▶ [DATA SEGMENT]:
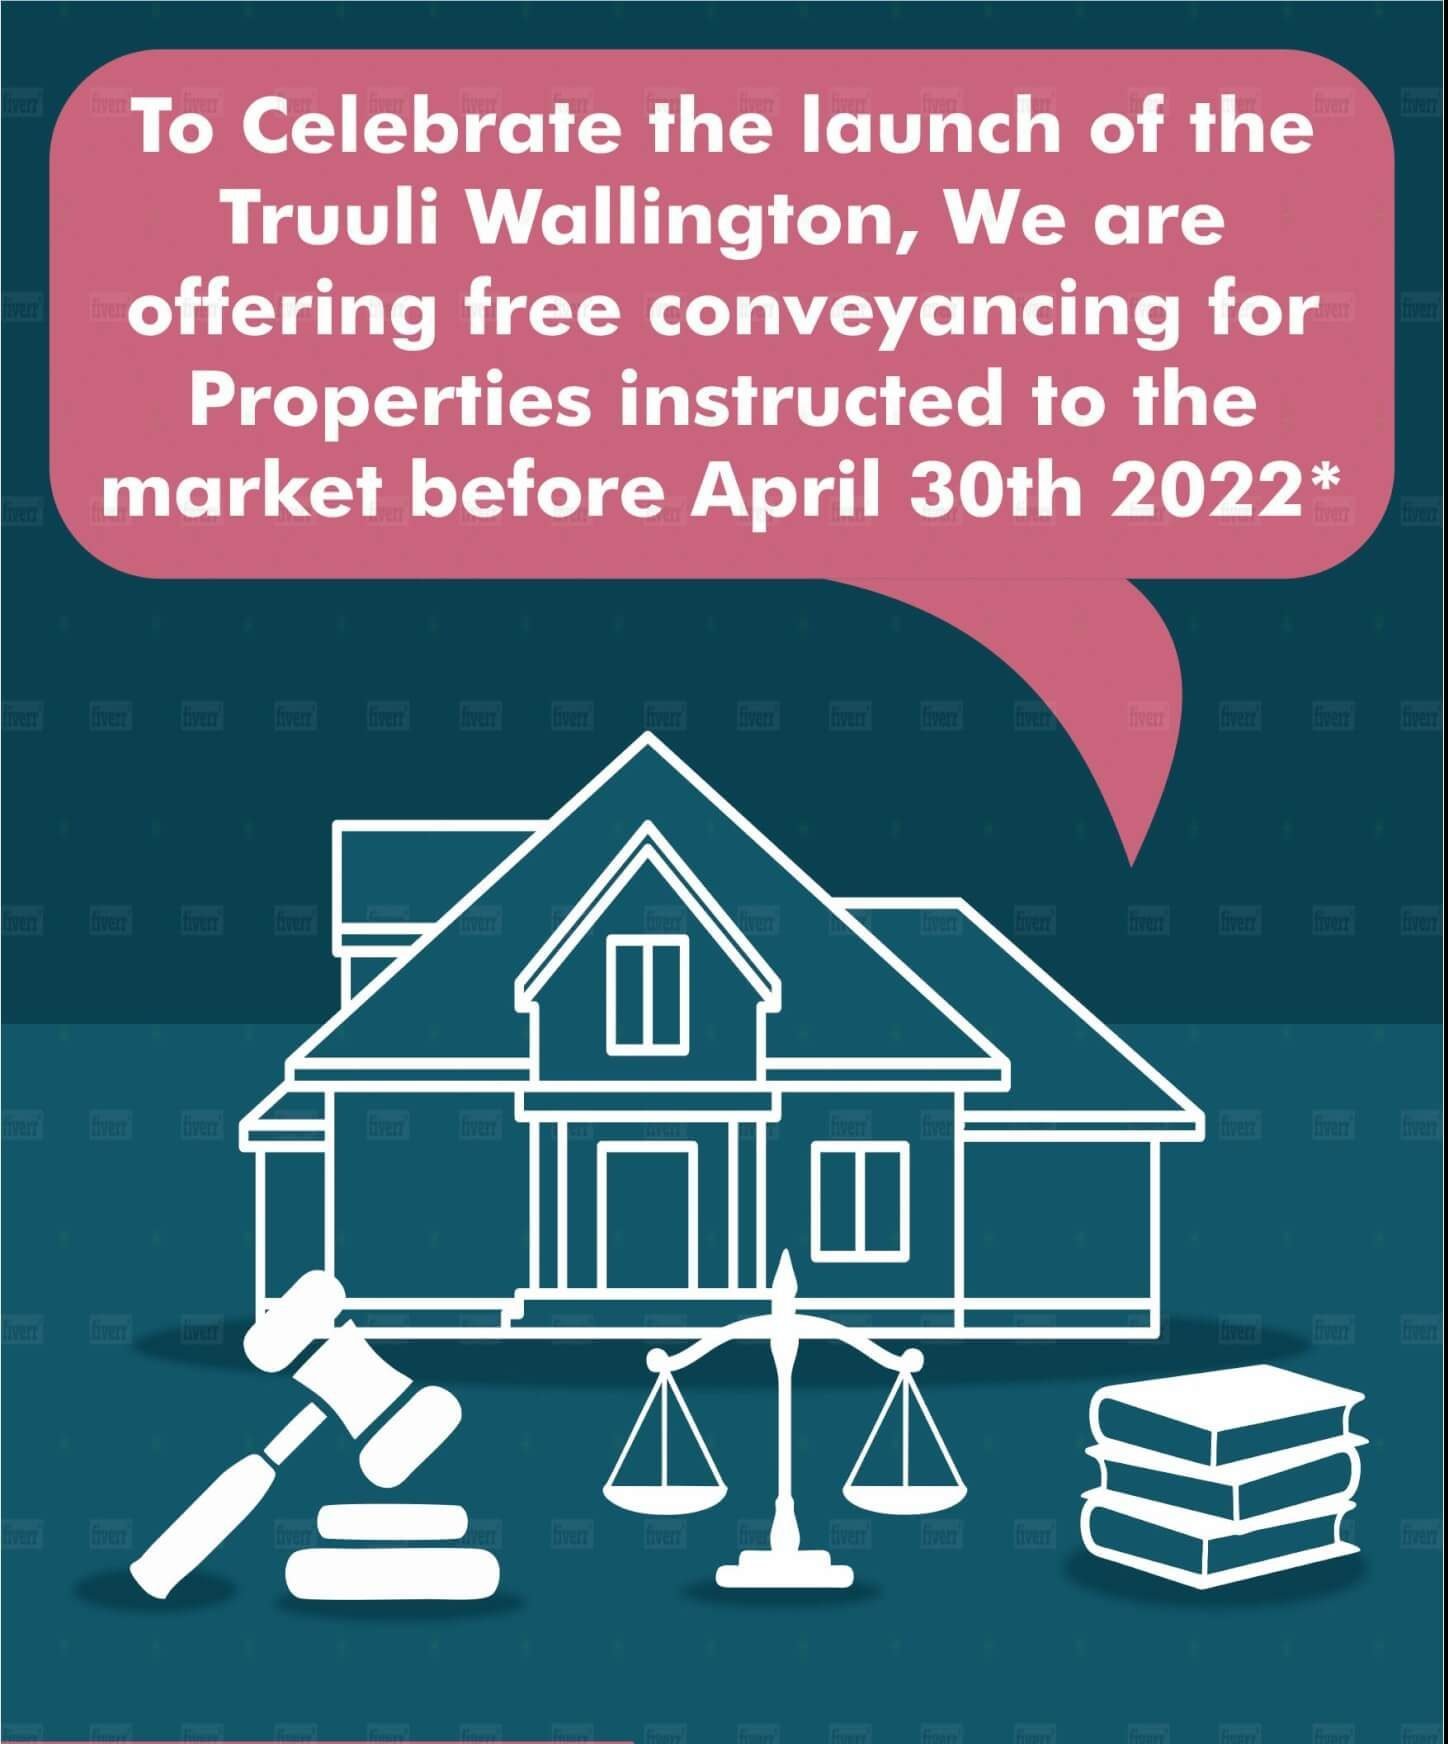 Free Conveyancing offer - Truuli Wallington
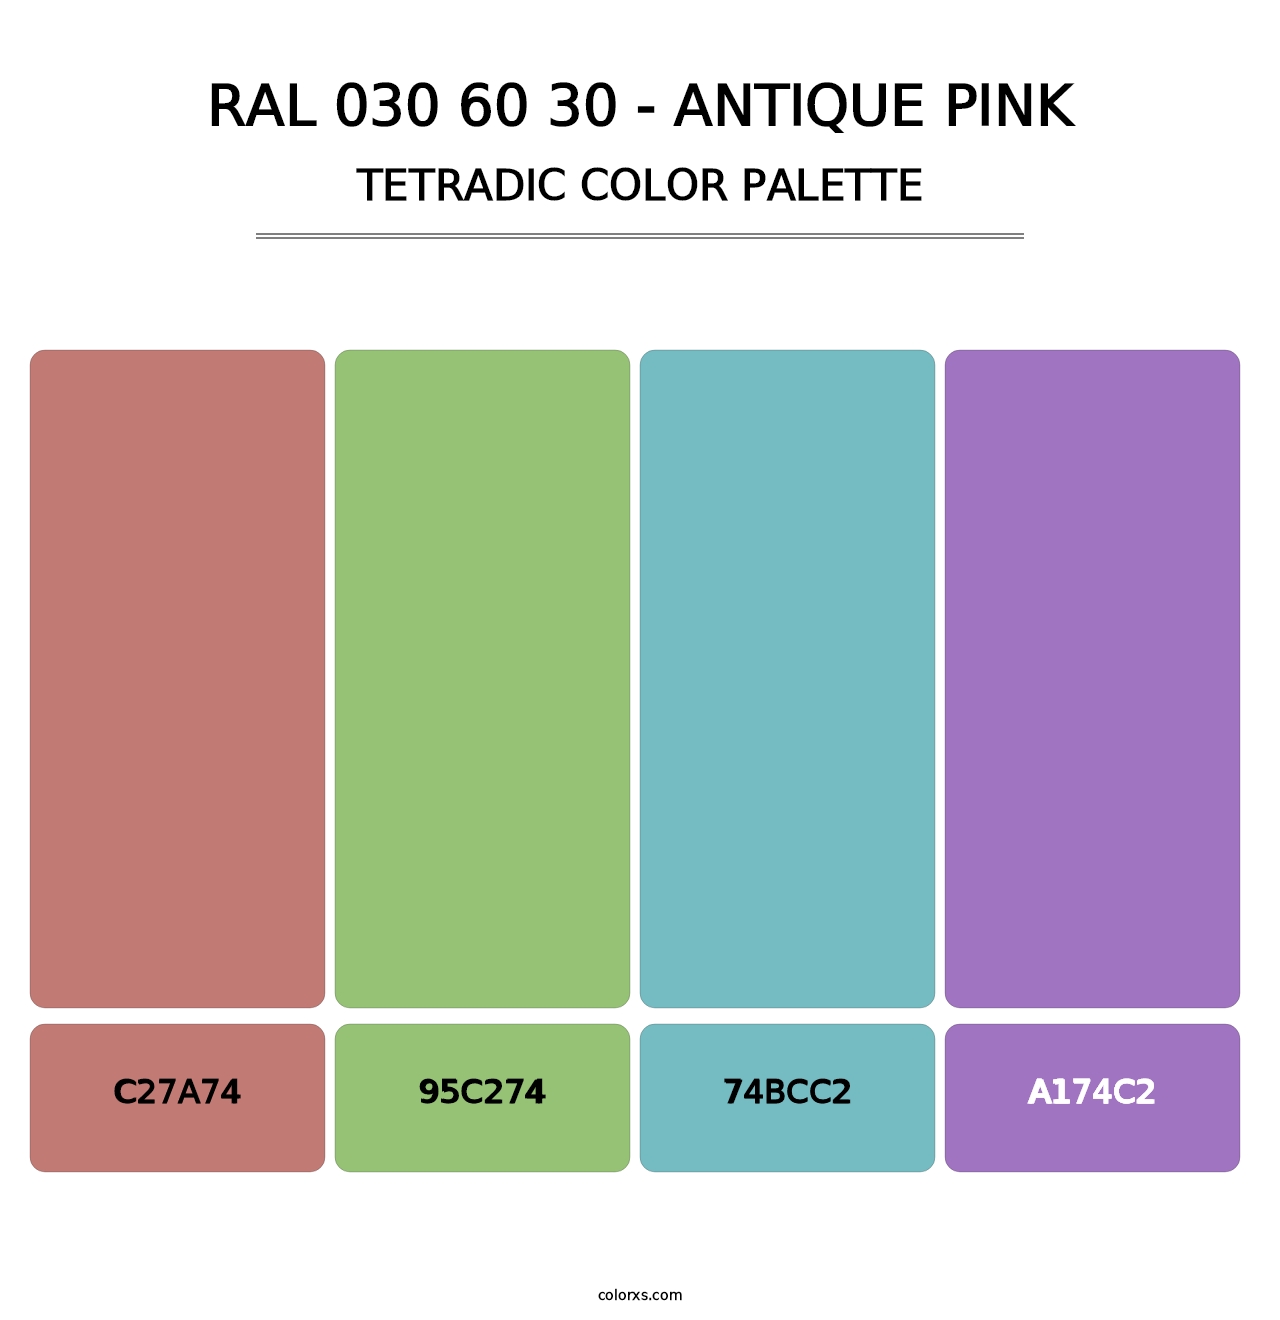 RAL 030 60 30 - Antique Pink - Tetradic Color Palette
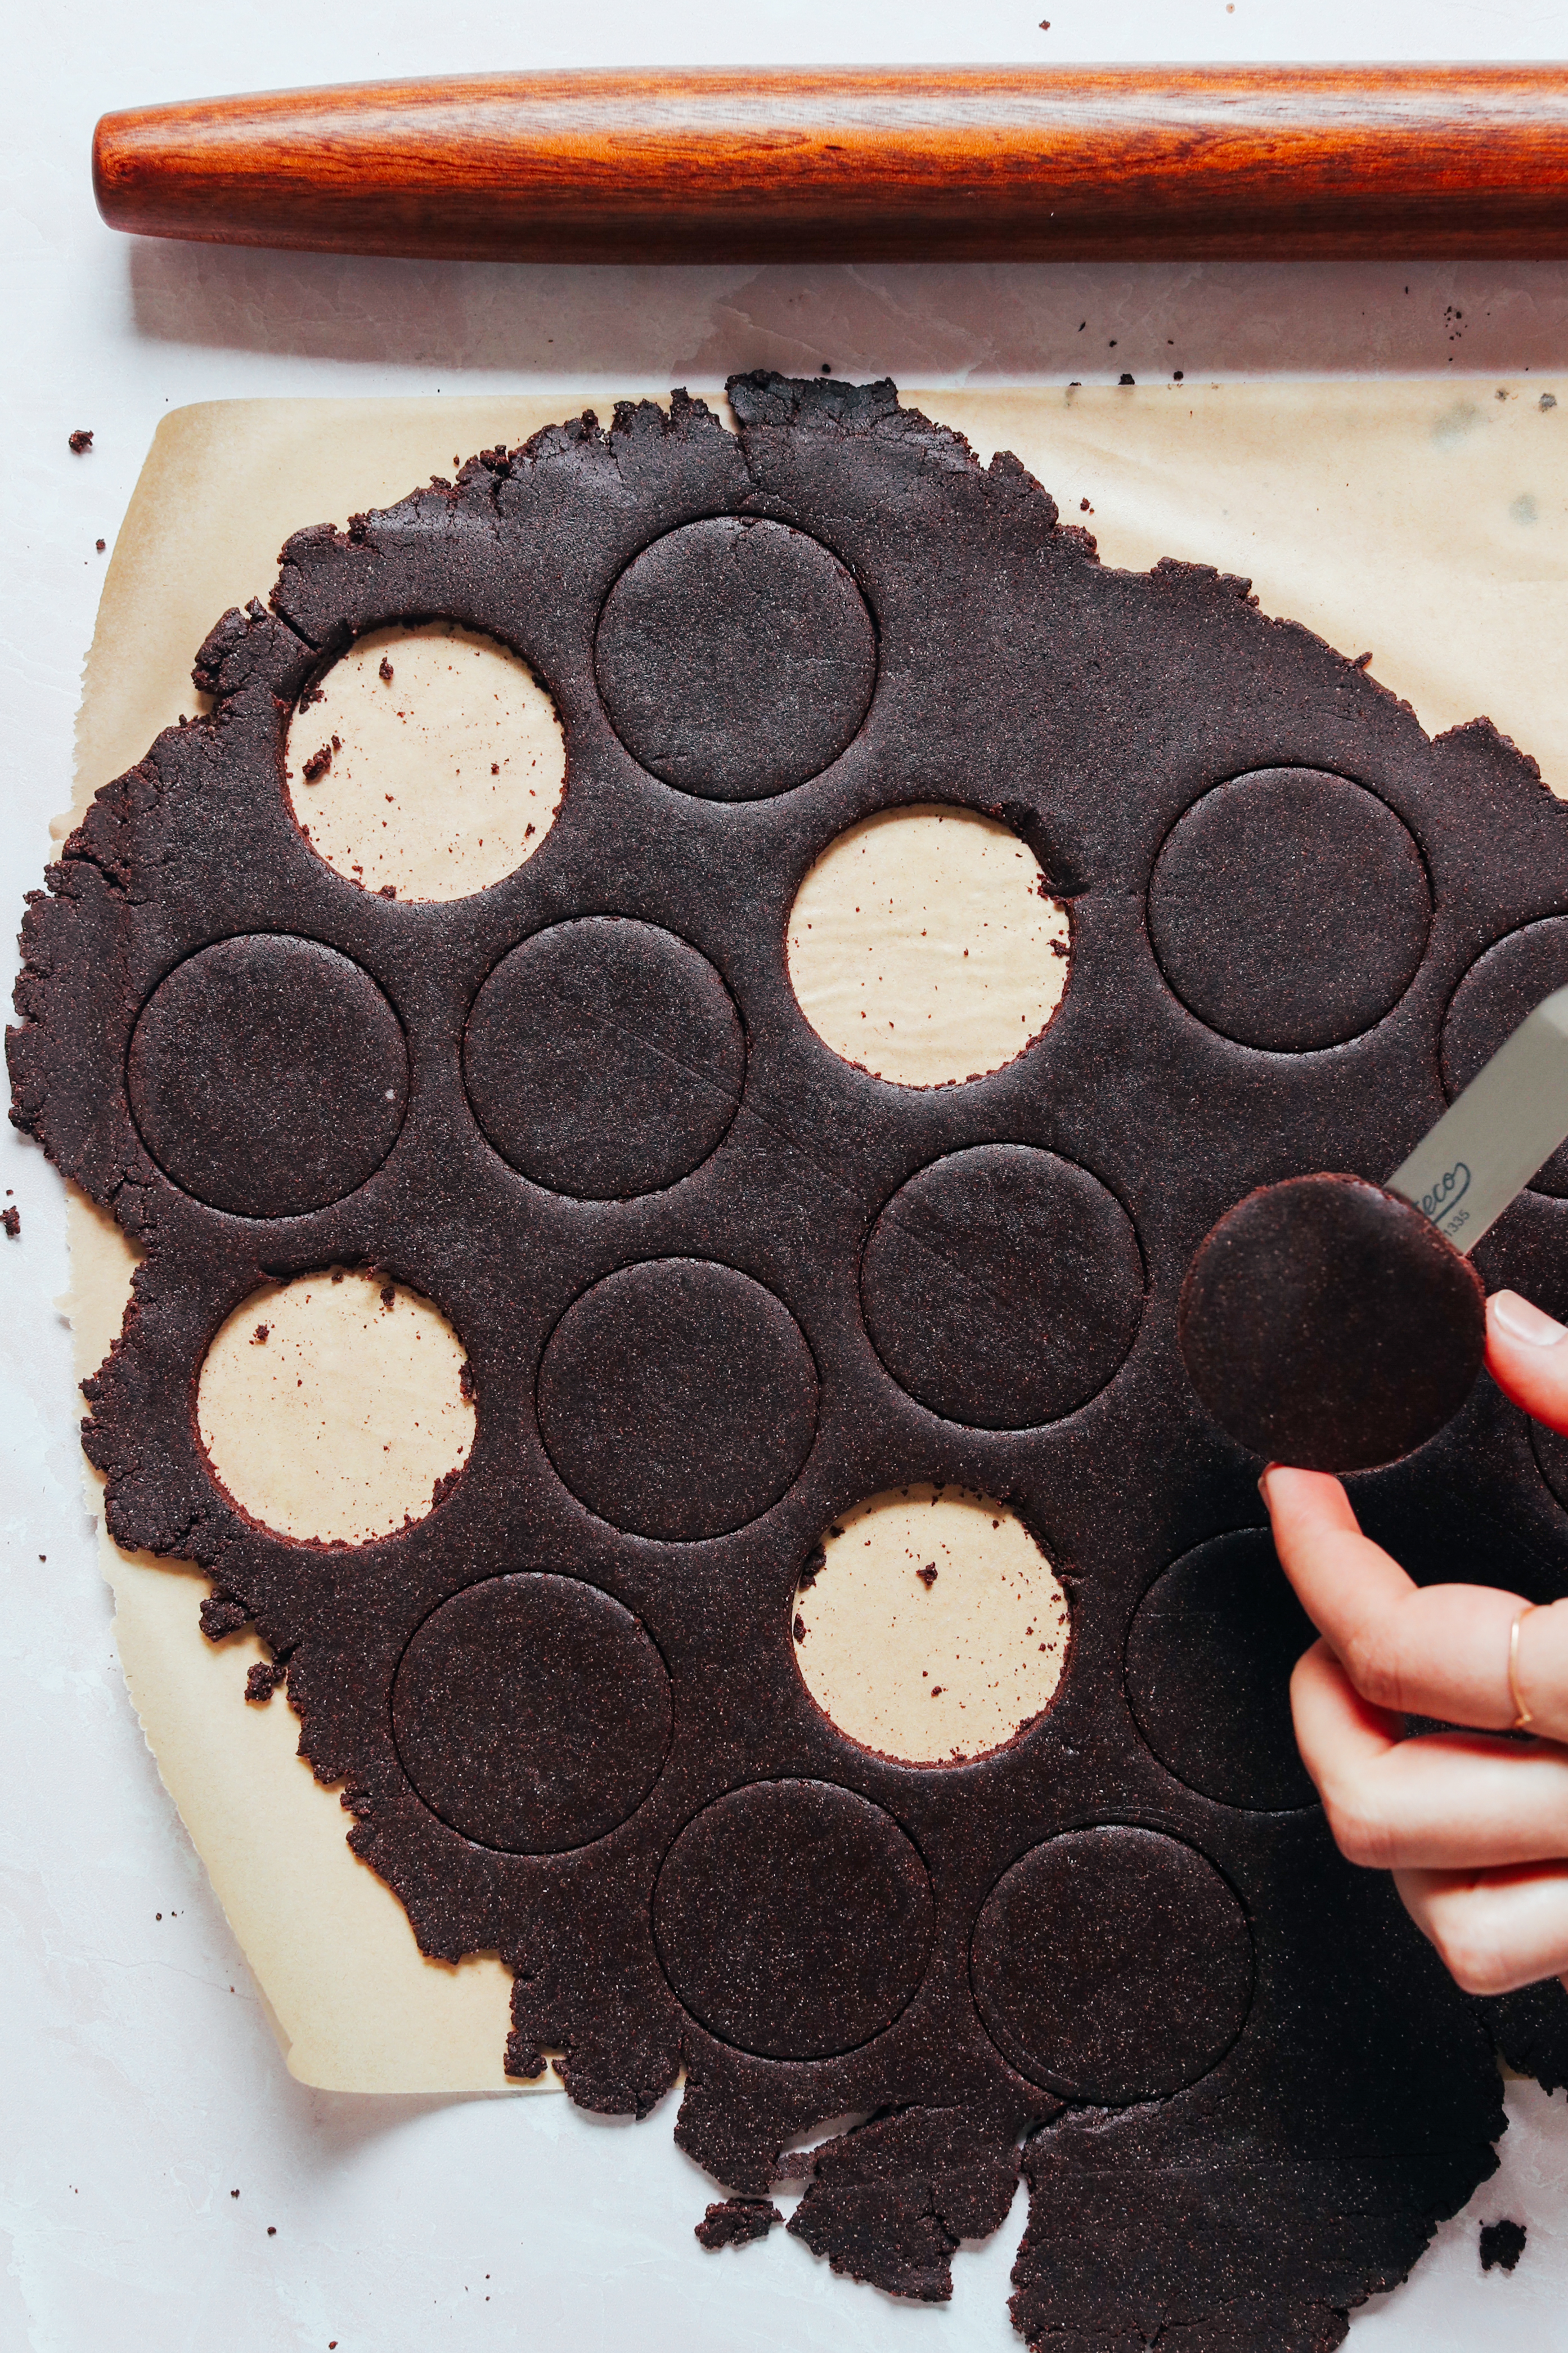 Masa de galleta de chocolate enrollada cortada con un cortador de galletas circular

▶ [WHAT YOU HAVE TO DO]:
Repeat the material above exactly; pictures do not belong in the copy.

▶ [TASK RESULT]:
 Free Conveyancing offer - Truuli Wallington
 RAL 030 60 30 - Antique Pink - Tetradic Color Palette
 Masa de galleta de chocolate enrollada cortada con un cortador de galletas circular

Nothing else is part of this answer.